We are sure that the “Meeting” project, which helps children first of all, at the same time contributes to the improvement of family relations. Both children and parents speak about it. Acquiring communication skills in groups under the unobtrusive guidance of our supervisors, children successfully apply these skills in the family, at school, on the street, in short – in everyday life. And this makes both themselves and the people around them better.
Not so long ago we started organizing vacations abroad for the kids. We have already been to the Czech Republic. In the spring we are planning a trip to Slovakia and Poland, and in the summer – to Hungary.
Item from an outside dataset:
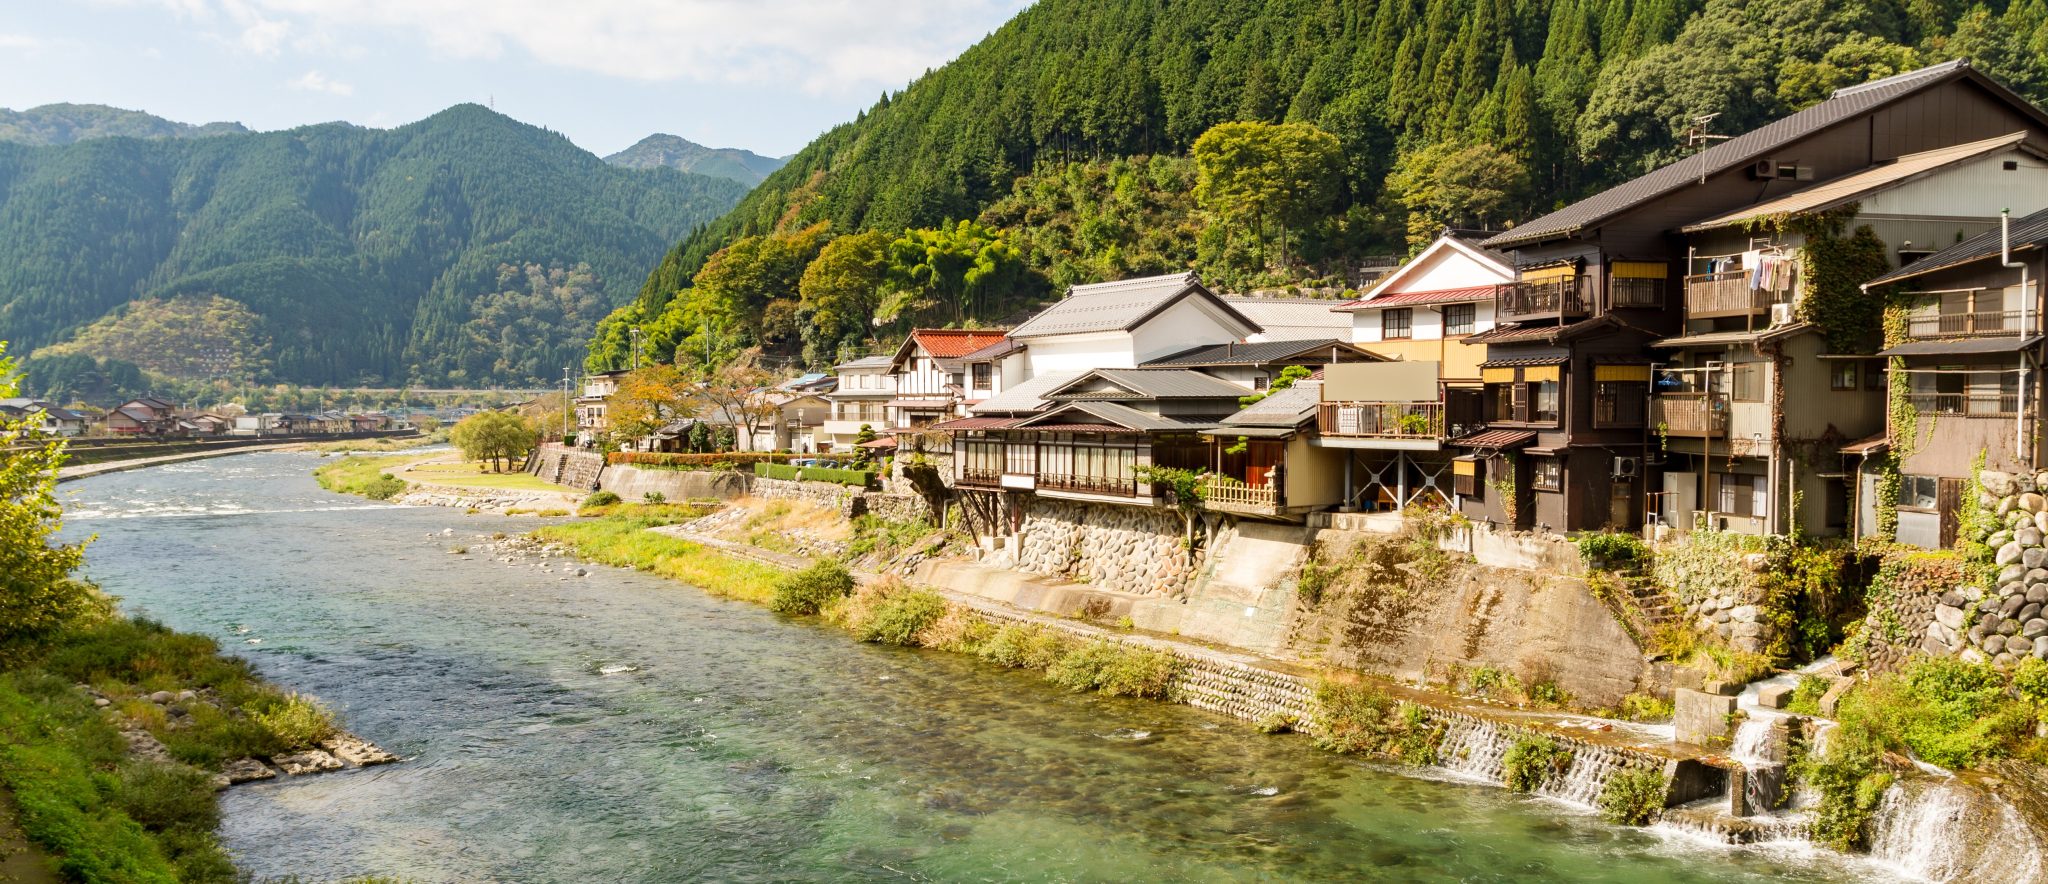 8 Prettiest Towns in Japan

Group classes and trips are certainly important and helpful. However, there is probably no family that does not know what a crisis in relationships with children is. And this is where individual counseling is needed. We managed to open a course for specialists in child-parent relations at the David Yelin Pedagogical College. People who graduate from this course receive a sought-after profession, a license and an international certificate that allows them to work remotely around the world. It is important to say that this course is fully customized to the needs of repatriates. Classes are conducted with simultaneous translation, there is an opportunity to listen to lectures in recordings, that is, getting a profession does not interfere with, for example, classes in the ulpan. It is also important that the course can be completed in one year.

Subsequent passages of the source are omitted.